The most stringent protection of free speech would not protect a man in falsely shouting fire in a theatre and causing a panic. It does not even protect a man from an injunction against uttering words that may have all the effect of force. … The question in every case is whether the words used are used in such circumstances and are of such a nature as to. create a clear and present danger that they will bring about the substantive evils that Congress has a right to prevent.

Neither Mill nor Holmes could have foreseen the challenge presented by the internet as a vehicle for inciting an angry mob to do violence to others by uttering words that could have all the effect of force. The theatre of cyberspace has the far-reaching capacity to incite millions globally, especially via social media platforms such as TikTok, Facebook, and X, among others. Statements intended to encourage violence to other human beings that are uttered in a relatively small physical space may be much less dangerous, when weighed on a social scale, than the same statements made over the internet.

Hence, while free speech should be preserved on the Internet, thereby permitting it to endure as the greatest experiment in democracy ever attempted, this does not bar it from limitations. Such restriction includes hateful, prejudicial speech that poses a “clear and present danger” to others.

There is, of course, the controversial question of whether the government should get involved with restrictions of free speech in such cases given the uncanny power it has of encroaching on freedom of speech if not itself constrained. Alternatively, it may arguably be the professional responsibility of administrators of such behemoth bastions of cyber speech to regulate such speech when it occurs. In other words, the latter may be treated as part of the professional code of ethics of those who stand as the gatekeepers of social media.

The grounds of such a moral responsibility, according to Mill, would be harm to others. Freedom of speech, argued Mill, should not be restricted unless it portends physical harm to others. The fact that some may be emotionally upset by a certain line of speech, even hateful speech, is not itself grounds for censoring it. Mill suggested that such censorship ultimately deprives humanity of a forum in which all ideas can be displayed side-by-side, both true and false, thereby allowing the truth to be heard while the false is exposed against the background of truth.
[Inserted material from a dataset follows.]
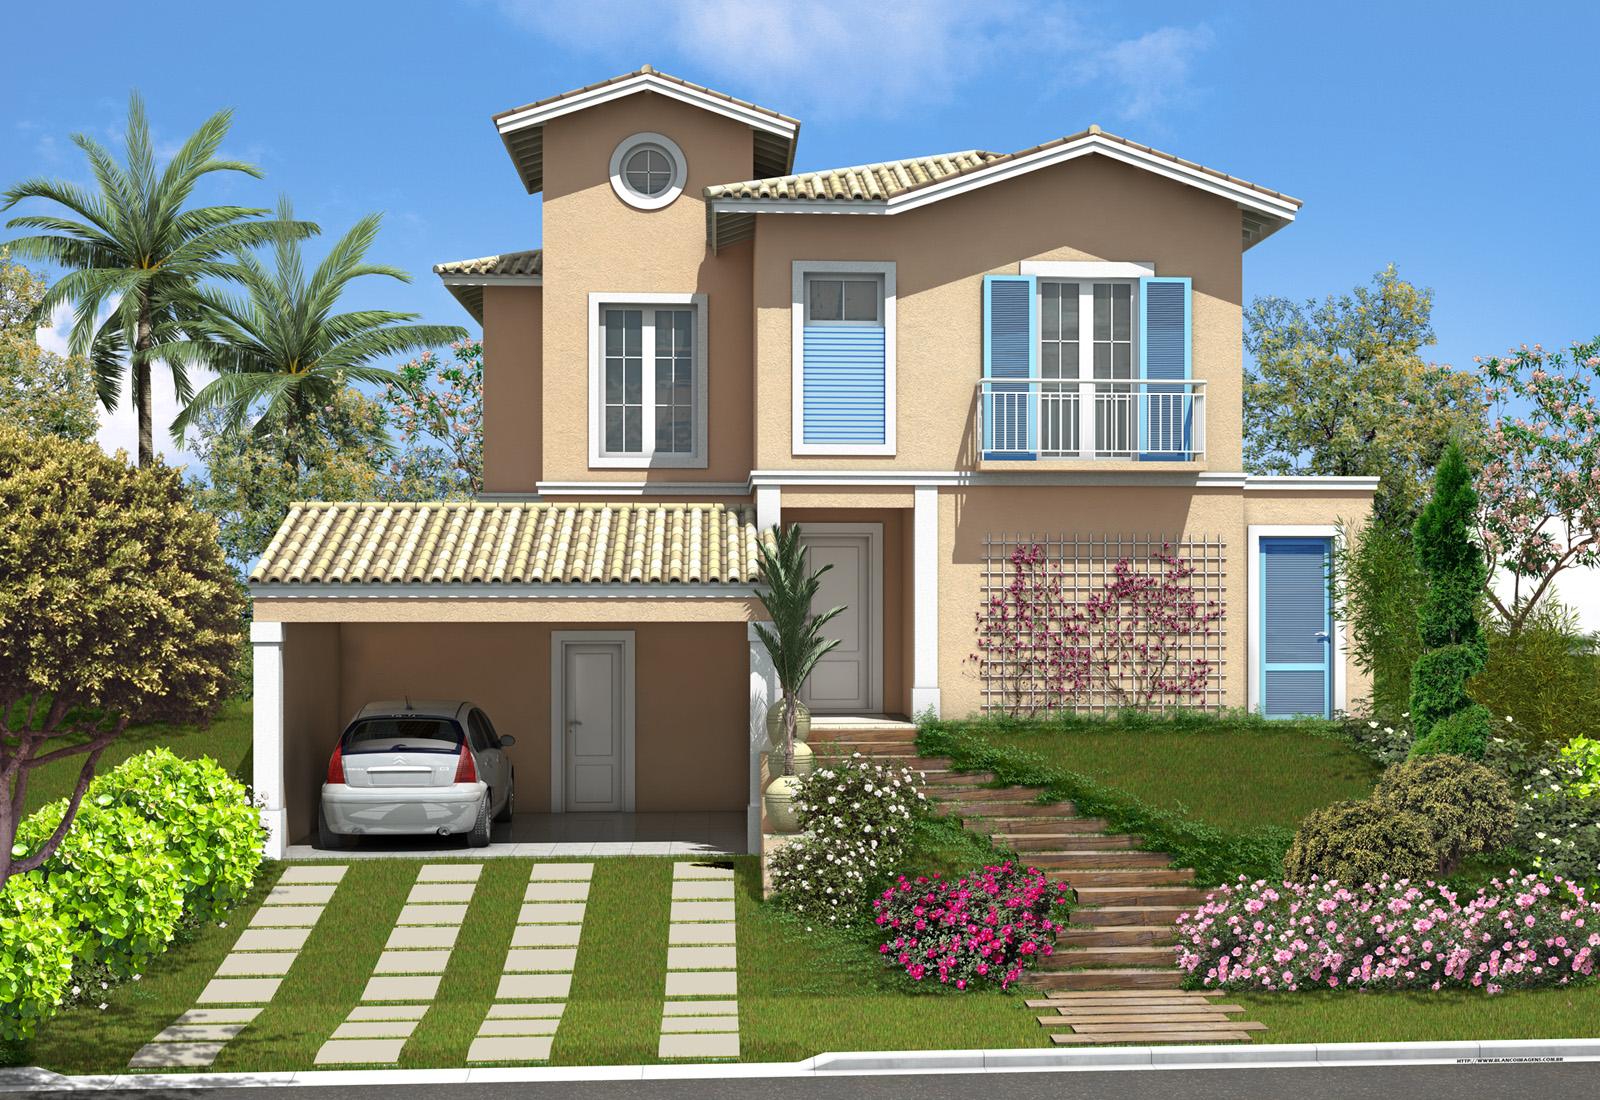 Feng shui terapia para a casa 5 elementos senhoras for Modelo de fachadas para casas modernas

The exception, however, should not devour the rule. Thus, the criterion for restricting speech needs to be narrow so as not to infringe on other types of speech. Hate speech is itself too broad for these purposes. Someone can express hatred without threatening to harm the object of hatred. Hence, not all hate speech would qualify as that which “creates a clear and present danger.”

Speech has what philosophers of language call “illocutionary force.” That is, it can be used to perform diverse acts. For example, in saying “I hate Blacks (Jews, Muslims, Buddhists, Hindus, Christians, Americans, or whomever)," one is reporting or expressing one’s own subjective, negative emotion toward the group in question. On the other hand, in saying something equivalent to “American civilians should be killed” (due to their paying taxes to the American government—an argument advanced by Bin Laden in the letter removed by TikTok), one is also making a threat, or, at least recommending killing American civilians. Such speech acts, committed in a forum that reaches millions of people, at least some of whom are likely to be inclined toward violence, arguably creates a “clear and present danger” to innocent civilians. It does not matter whether the intended targets are Americans, Israelis, Palestinians, Backs, Whites, or whomever. The threat, or recommendation, is one which, arguably falls under Mill's Harm Principle, and can, therefore, on this criterion, be censored. Thus, the criterion consonant with Mill’s principle, as applied to social media, can take the following form:

Does the post in question threaten or recommend doing substantial physical harm to a certain individual or group of individuals?

If the answer to this question is yes, then the administrators of a social media network do, indeed, have a professional responsibility to take down, or disallow the post pursuant to Mill’s Harm Principle.